Thanks Andreas ... That would make sense, although the only error message (or, message vaguely resembling an error message) that I could find was this one: -- cut -- /var/log/messages.1:Feb 1 09:28:09 tiger-oss-0-0 kernel: LDISKFS-fs error (device sdb): ldiskfs_journal_start_sb: Detected aborted journal -- cut -- I''m assuming that''s causing the problem -- but what''s the next step? Punt all the clients, stop Lustre, and run e2fsck on the affected device? Klaus On 2/4/08 3:22 PM, "Andreas Dilger" <adilger at Sun.COM>did etch on stone tablets:> On Feb 04, 2008 13:54 -0800, Klaus Steden wrote: >> I''m trying to figure out something odd ... a node in my cluster hangs when I >> run ''df'', or ''find -exec file {}'' or other commands like that. >> >> No other clients in the cluster exhibit the same behaviour. I''m seeing a lot >> of messages like this in its syslog: >> >> -- cut -- >> Feb 4 13:51:37 tiger-0-6 kernel: LustreError: >> 5827:0:(client.c:576:ptlrpc_check_status()) @@@ type == PTL_RPC_MSG_ERR, err >> == -30 req at 000001010d30e400 x9218/t0 >> o8->ost1_UUID at tiger-oss-0-0.local_UUID:6 lens 240/272 ref 1 fl Rpc:R/0/40000 >> rc 0/-30 >> -- cut -- > > /usr/include/asm/errno.h says -30 = -EROFS. That means your OST filesystem > has likely been remounted read-only because of a detected filesystem error. > Check your /var/log/messages for something like "LDISKFS-fs error ...: > Remounting filesystem read-only". This will be accompanied by the reason > the filesystem is read-only. > > Cheers, Andreas > -- > Andreas Dilger > Sr.
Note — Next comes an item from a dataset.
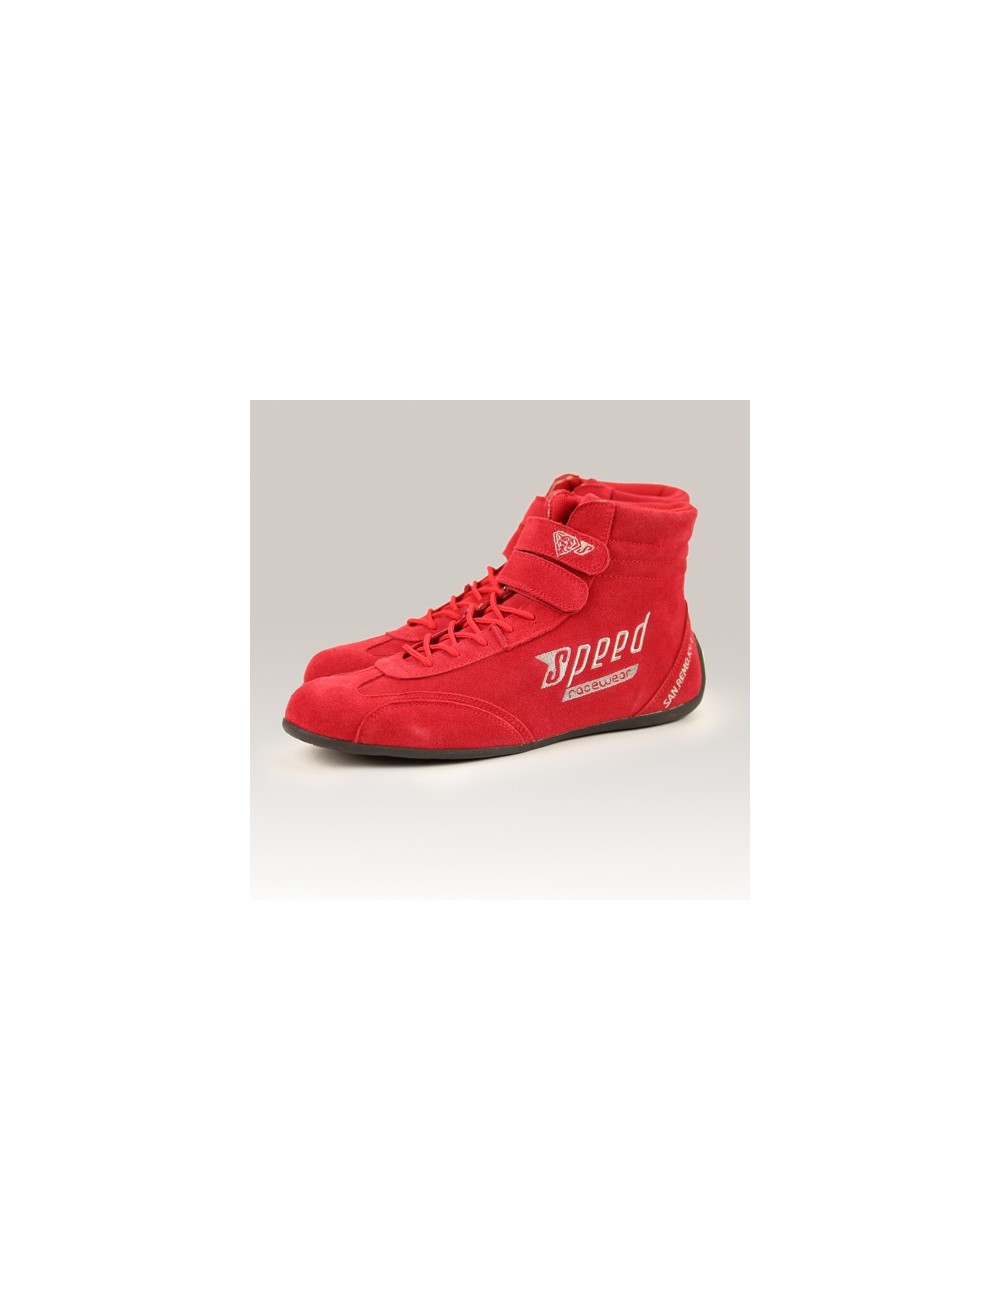 SPEED shoes San Remo KS-1 red

Staff Engineer, Lustre Group > Sun Microsystems of Canada, Inc. >
Andreas Dilger
2008-Feb-05 01:07 UTC
[Lustre-discuss] Client hangs when reading from Lustre ...
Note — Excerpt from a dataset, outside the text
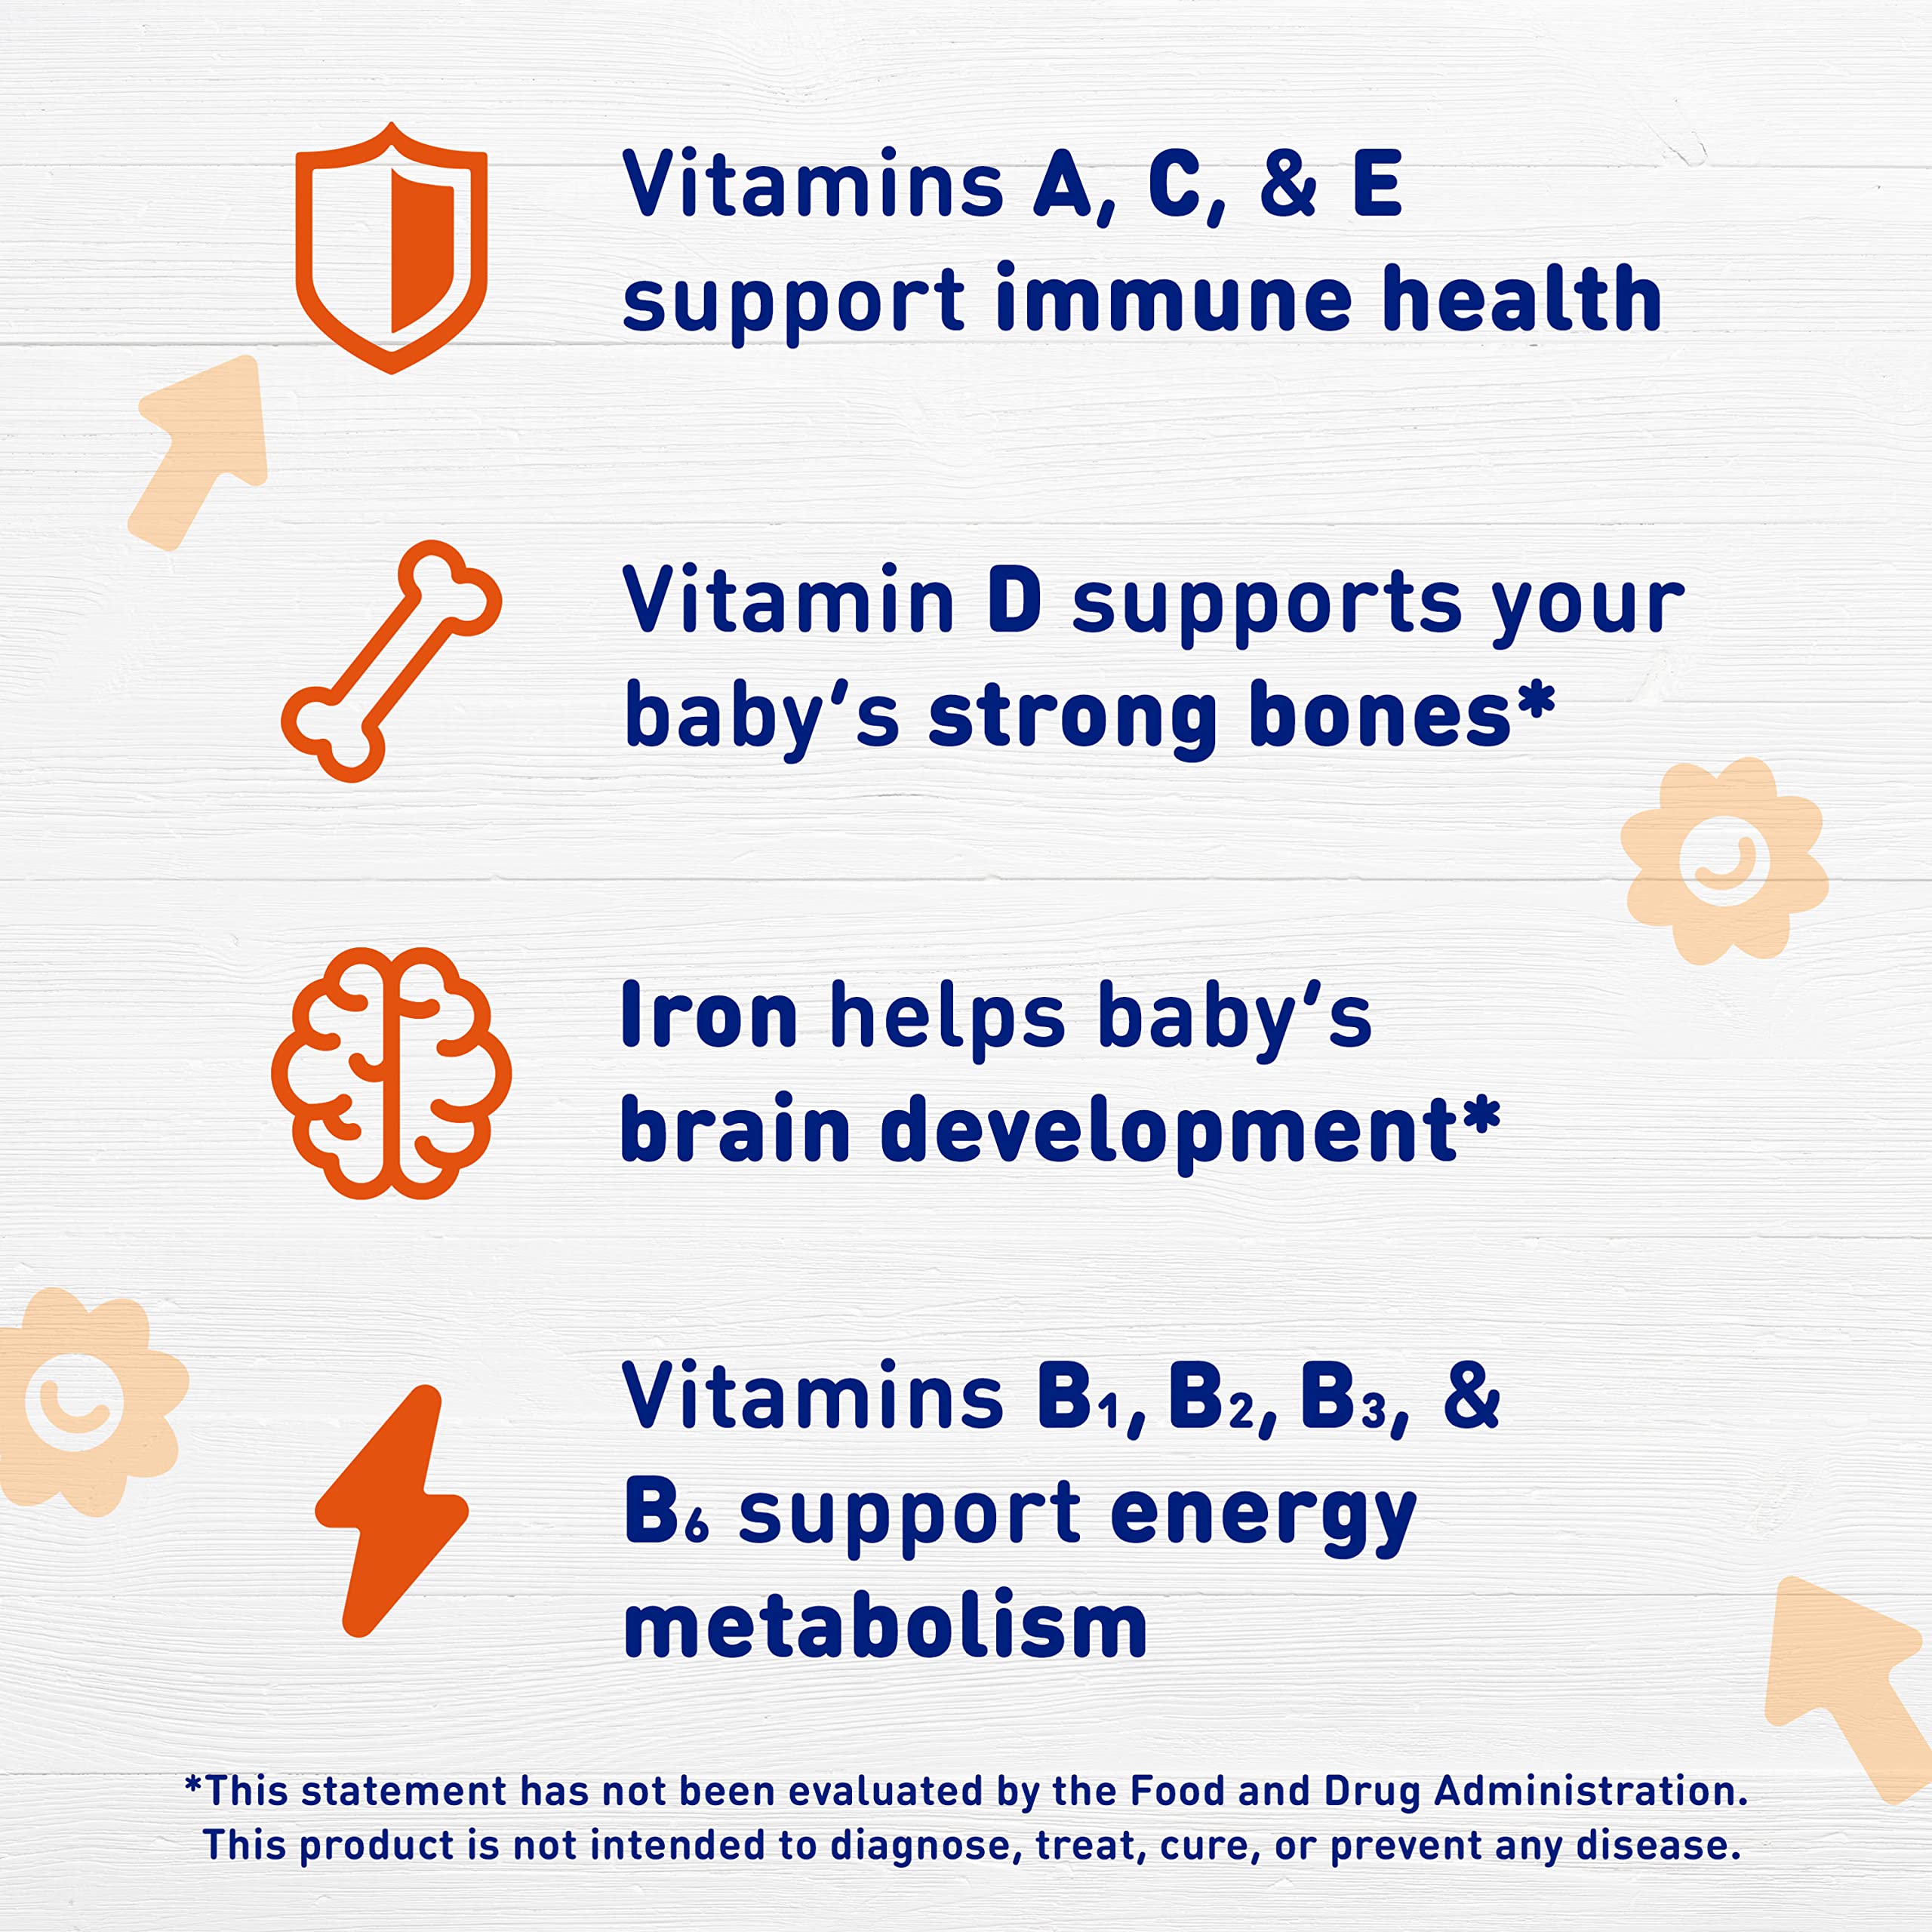 Enfamil Baby Vitamins Enfamil Poly-Vi-Sol 8 Multi-Vitamins & Iron Supplement Drops for Infants & Toddlers, Supports Growth & Development, 50 mL Dropper Bottle (Packaging May Vary)

On Feb 04, 2008 15:47 -0800, Klaus Steden wrote:> Thanks Andreas ... That would make sense, although the only error message > (or, message vaguely resembling an error message) that I could find was this > one: > > -- cut -- > /var/log/messages.1:Feb 1 09:28:09 tiger-oss-0-0 kernel: LDISKFS-fs error > (device sdb): ldiskfs_journal_start_sb: Detected aborted journal > -- cut -- > > I''m assuming that''s causing the problem -- but what''s the next step? Punt > all the clients, stop Lustre, and run e2fsck on the affected device?Yes. An aborted journal means an error at the journal layer... Maybe with a "JBD" error message?> On 2/4/08 3:22 PM, "Andreas Dilger" <adilger at Sun.COM>did etch on stone > tablets: > > > On Feb 04, 2008 13:54 -0800, Klaus Steden wrote: > >> I''m trying to figure out something odd ... a node in my cluster hangs when I > >> run ''df'', or ''find -exec file {}'' or other commands like that. > >> > >> No other clients in the cluster exhibit the same behaviour. I''m seeing a lot > >> of messages like this in its syslog: > >> > >> -- cut -- > >> Feb 4 13:51:37 tiger-0-6 kernel: LustreError: > >> 5827:0:(client.c:576:ptlrpc_check_status()) @@@ type == PTL_RPC_MSG_ERR, err > >> == -30 req at 000001010d30e400 x9218/t0 > >> o8->ost1_UUID at tiger-oss-0-0.local_UUID:6 lens 240/272 ref 1 fl Rpc:R/0/40000 > >> rc 0/-30 > >> -- cut -- > > > > /usr/include/asm/errno.h says -30 = -EROFS. That means your OST filesystem > > has likely been remounted read-only because of a detected filesystem error. > > Check your /var/log/messages for something like "LDISKFS-fs error ...: > > Remounting filesystem read-only". This will be accompanied by the reason > > the filesystem is read-only. > > > > Cheers, Andreas > > -- > > Andreas Dilger > > Sr. Staff Engineer, Lustre Group > > Sun Microsystems of Canada, Inc. > >Cheers, Andreas -- Andreas Dilger Sr. Staff Engineer, Lustre Group Sun Microsystems of Canada, Inc.
Klaus Steden
2008-Feb-05 01:37 UTC
[Lustre-discuss] Client hangs when reading from Lustre ...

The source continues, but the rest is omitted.